This post is also available in video form - check the video link below if you want to follow along!

AWS Step Functions Service​

AWS Step Functions is an AWS service that allows users to build serverless workflows. Serverless came up in my post on Lambda functions - it means that you can run applications in the cloud without provisioning any servers or contantly-running resources. That in turns means you only pay for the time that something is executing in the cloud, which is often much cheaper than provisioning a server, but with the same performance.

To demonstrate Step Functions, we're building a state machine that accepts smoothie orders from customers and sends them to an available robot to make that smoothie. Our state machine will look for an available robot, send it the order, and wait for the order to complete. The state machine will be built in AWS Step Functions, which we can access using the console.
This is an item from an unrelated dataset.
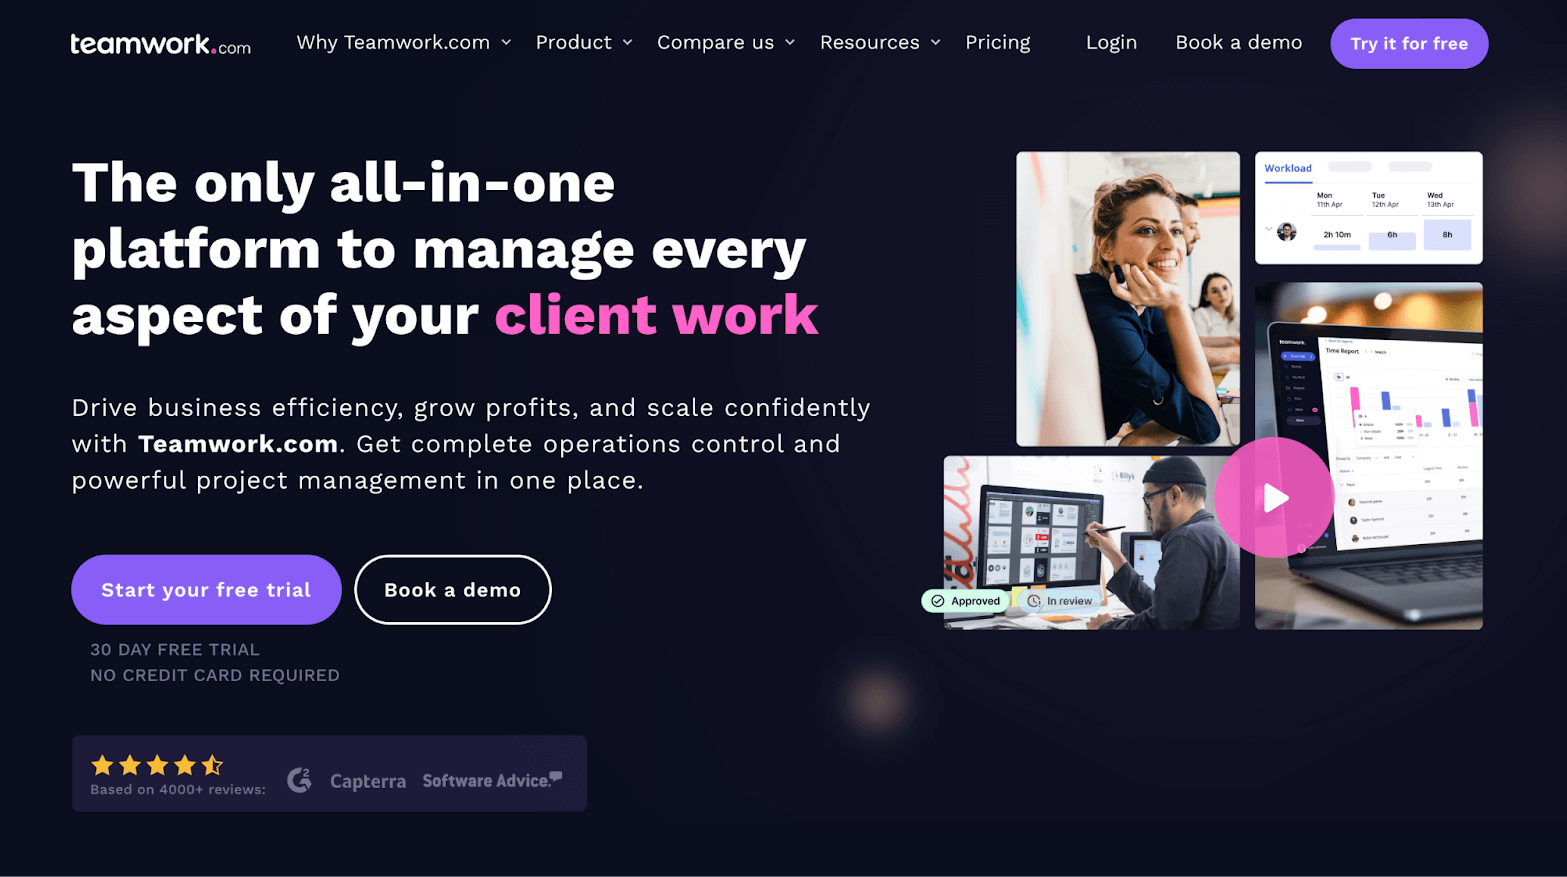 Teamwork.com homepage: The only all-in-one platform to manage every aspect of your client work

State Machine Visual Representation​

First, we'll look at the finished state machine to get an idea of how it works. Clicking the edit button within the state machine will open the workflow Design tab for a visual representation of the state machine:

Each box in the diagram is a stage of the Step Functions state machine. Most of the stages are Lambda functions, which are configured to interface with AWS resources. For example, the first stage (GetRobot) scans a DynamoDB table for the first robot with the ONLINE status, meaning that it is ready for work.

If at least one robot is available, GetRobot will pass its name to the next stage - SetRobotWorking. This function updates that robot's entry in the DynamoDB table to WORKING, so future invocations don't try to give that robot another smoothie order.
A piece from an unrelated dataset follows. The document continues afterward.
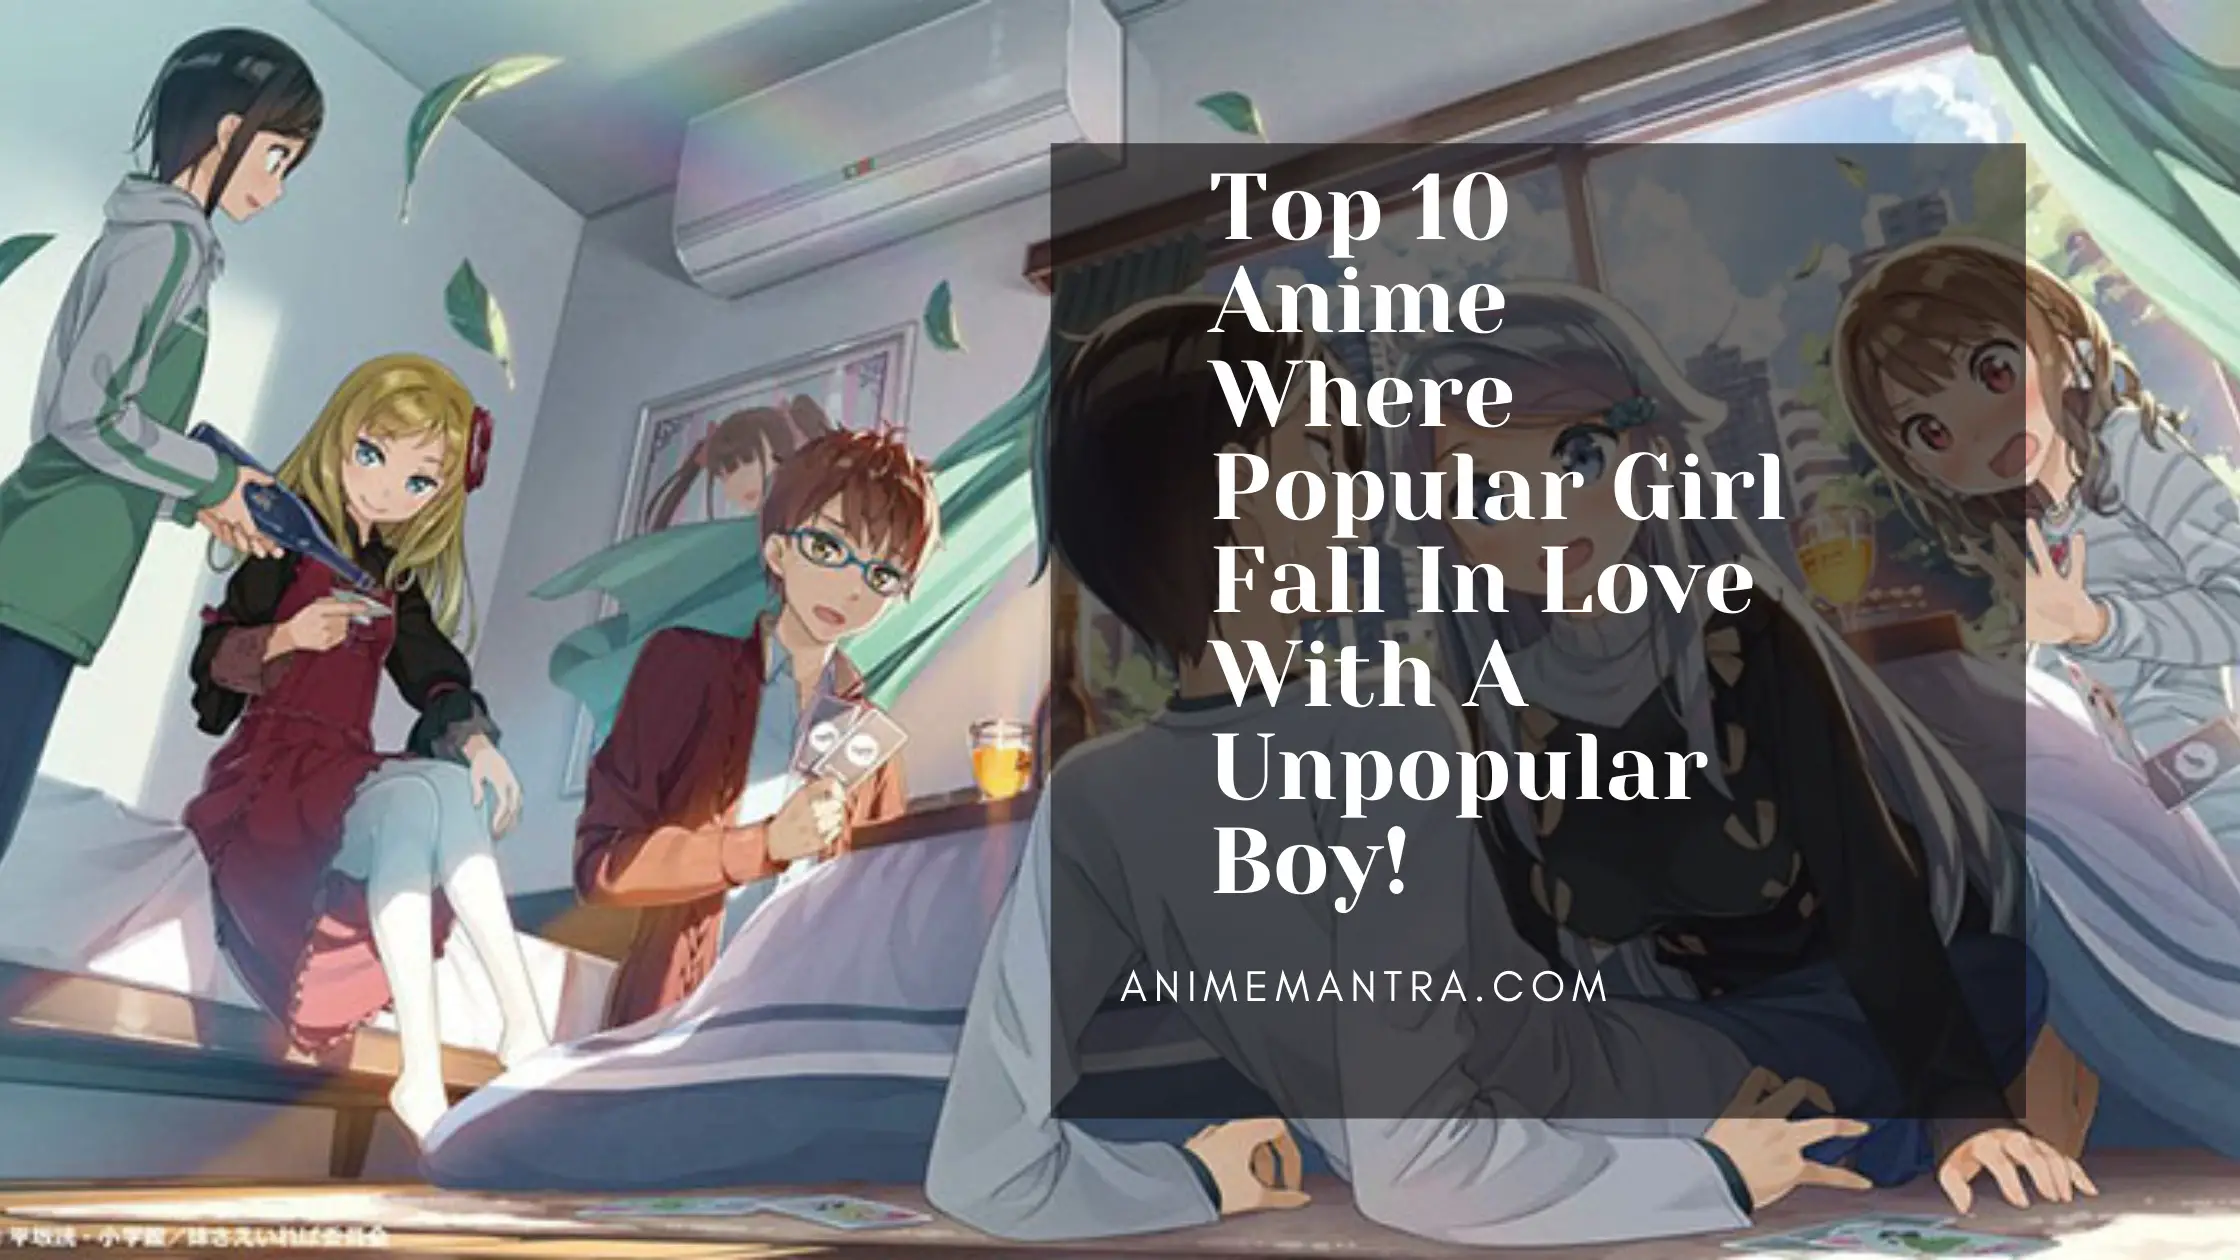 Popular guy falls in love with unpopular girl movies

From there, the robot name is again passed on to TellRobotOrder, which is responsible for sending an MQTT message via AWS IoT Core to tell the robot its new smoothie order. This is where the state machine gets slightly more complicated - we need the state machine to pause and wait for the smoothie to be made.

Activities​

While we're waiting for the smoothie to be made, we could have the Lambda function wait for a response, but we would be paying for the entire time that function is sitting and waiting. If the smoothie takes 5 minutes to complete, that would be over 6000x the price!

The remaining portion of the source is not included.